基金supported by Sun Yat-sen University Cultivation Fund for Young Teachers(Grant No.:20000-3161102)the National Social Science Fundation of China(Grant No.:08CTQ015)
文摘Purpose: This paper intends to explore a quantitative method for investigating the characteristics of information diffusion through social media like weblogs and microblogs.By using the social network analysis methods,we attempt to analyze the different characteristics of information diffusion in weblogs and microblogs as well as the possible reasons of these differences.Design/methodology/approach: Using the social network analysis methods,this paper carries out an empirical study by taking the Chinese weblogs and microblogs in the field of Library and Information Science(LIS) as the research sample and employing measures such as network density,core/peripheral structure and centrality.Findings: Firstly,both bloggers and microbloggers maintain weak ties,and both of their social networks display a small-world effect.

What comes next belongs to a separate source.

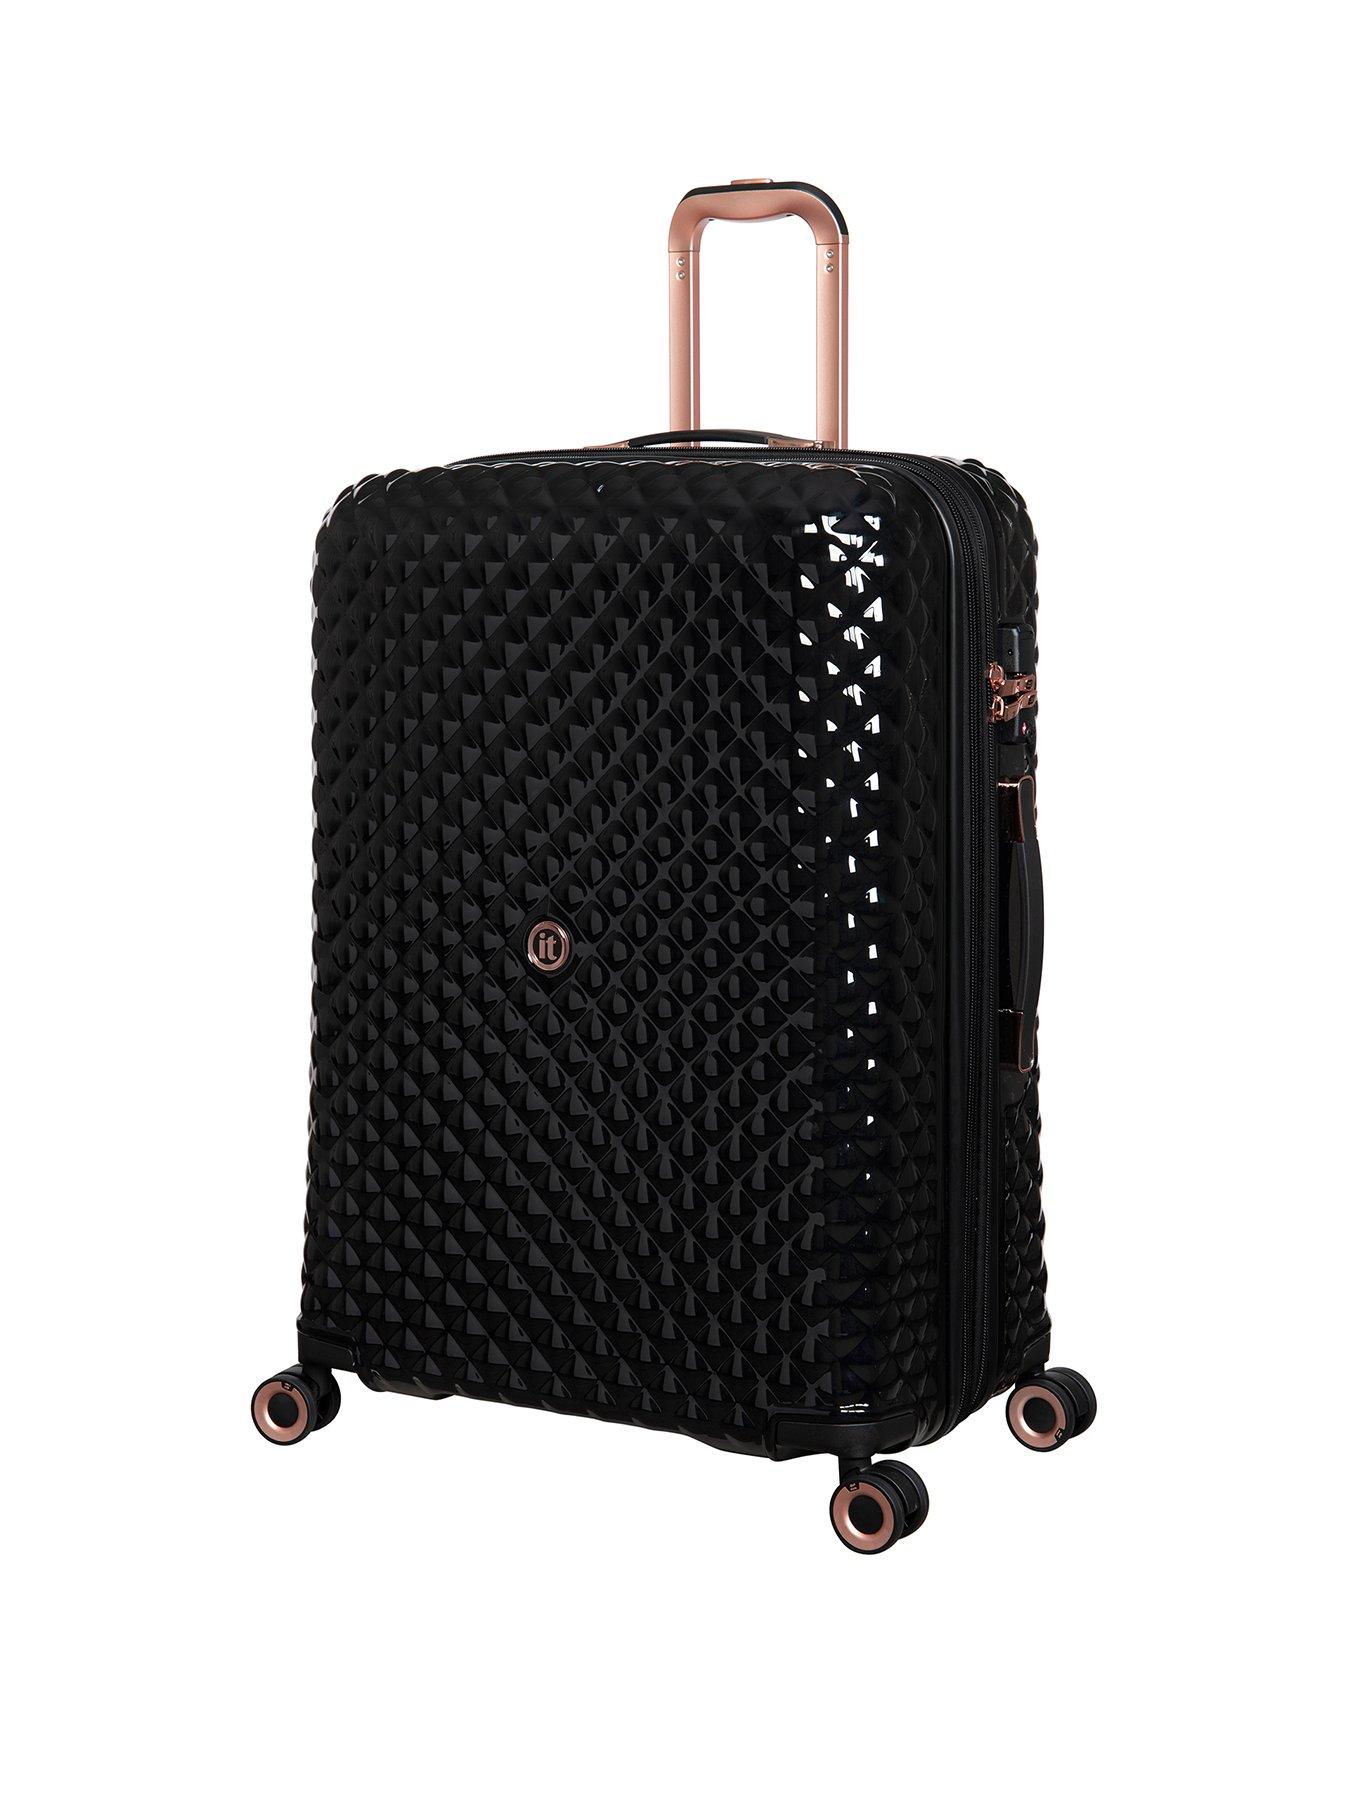 it Luggage Glitzy Hardshell Large Black Expandable Suitcase with TSA Lock

Secondly,compared with weblog users,microblog users are more interconnected,more equal and more capable of developing relationships with people outside their own social networks. Thirdly,the microblogging social network is more conducive to information diffusion than the blogging network,because of their differences in functions and the information flow mechanism. Finally,the communication mode emerged with microblogging,with the characteristics of micro-content,multi-channel information dissemination,dense and decentralized social network and content aggregation,will be one of the trends in the development of the information exchange platform in the future.Research limitations: The sample size needs to be increased so that samples are more representative. Errors may exist during the data collection. Moreover,the individual-level characteristics of the samples as well as the types of information exchanged need to be further studied.Practical implications: This preliminary study explores the characteristics of information diffusion in the network environment and verifies the feasibility of conducting a quantitative analysis of information diffusion through social media. In addition,it provides insight into the characteristics of information diffusion in weblogs and microblogs and the possible reasons of these differences.Originality/value: We have analyzed the characteristics of information diffusion in weblogs and microblogs by using the social network analysis methods. This research will be useful for a quantitative analysis of the underlying mechanisms of information flow through social media in the network environment.